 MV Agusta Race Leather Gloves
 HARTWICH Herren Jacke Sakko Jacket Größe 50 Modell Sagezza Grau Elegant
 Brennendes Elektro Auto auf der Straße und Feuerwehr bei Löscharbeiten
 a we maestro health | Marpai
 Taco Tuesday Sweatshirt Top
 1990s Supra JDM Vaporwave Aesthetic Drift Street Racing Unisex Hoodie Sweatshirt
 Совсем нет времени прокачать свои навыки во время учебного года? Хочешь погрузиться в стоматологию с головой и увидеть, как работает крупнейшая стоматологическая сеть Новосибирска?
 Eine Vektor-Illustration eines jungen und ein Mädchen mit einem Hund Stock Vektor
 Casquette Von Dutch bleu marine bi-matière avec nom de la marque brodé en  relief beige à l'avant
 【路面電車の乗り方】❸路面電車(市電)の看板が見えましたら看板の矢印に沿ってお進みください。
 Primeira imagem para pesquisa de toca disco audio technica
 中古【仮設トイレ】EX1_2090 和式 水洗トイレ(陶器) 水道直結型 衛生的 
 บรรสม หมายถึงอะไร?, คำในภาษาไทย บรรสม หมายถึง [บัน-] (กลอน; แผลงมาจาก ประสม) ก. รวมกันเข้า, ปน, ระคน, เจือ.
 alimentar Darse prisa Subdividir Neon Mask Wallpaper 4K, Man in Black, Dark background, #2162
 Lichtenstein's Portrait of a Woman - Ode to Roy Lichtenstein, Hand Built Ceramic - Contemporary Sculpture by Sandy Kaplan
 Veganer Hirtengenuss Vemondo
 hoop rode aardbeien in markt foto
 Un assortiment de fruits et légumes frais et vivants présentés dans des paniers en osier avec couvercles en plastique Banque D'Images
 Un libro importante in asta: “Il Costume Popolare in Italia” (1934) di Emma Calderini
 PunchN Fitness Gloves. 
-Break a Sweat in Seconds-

◆ **Task item**
Give an exact copy of the lines above from the line with "HARTWICH Herren Jacke" up to and including the line with "Taco Tuesday Sweatshirt Top", and leave everything else out.

◆ **Exercise answer**
 HARTWICH Herren Jacke Sakko Jacket Größe 50 Modell Sagezza Grau Elegant
 Brennendes Elektro Auto auf der Straße und Feuerwehr bei Löscharbeiten
 a we maestro health | Marpai
 Taco Tuesday Sweatshirt Top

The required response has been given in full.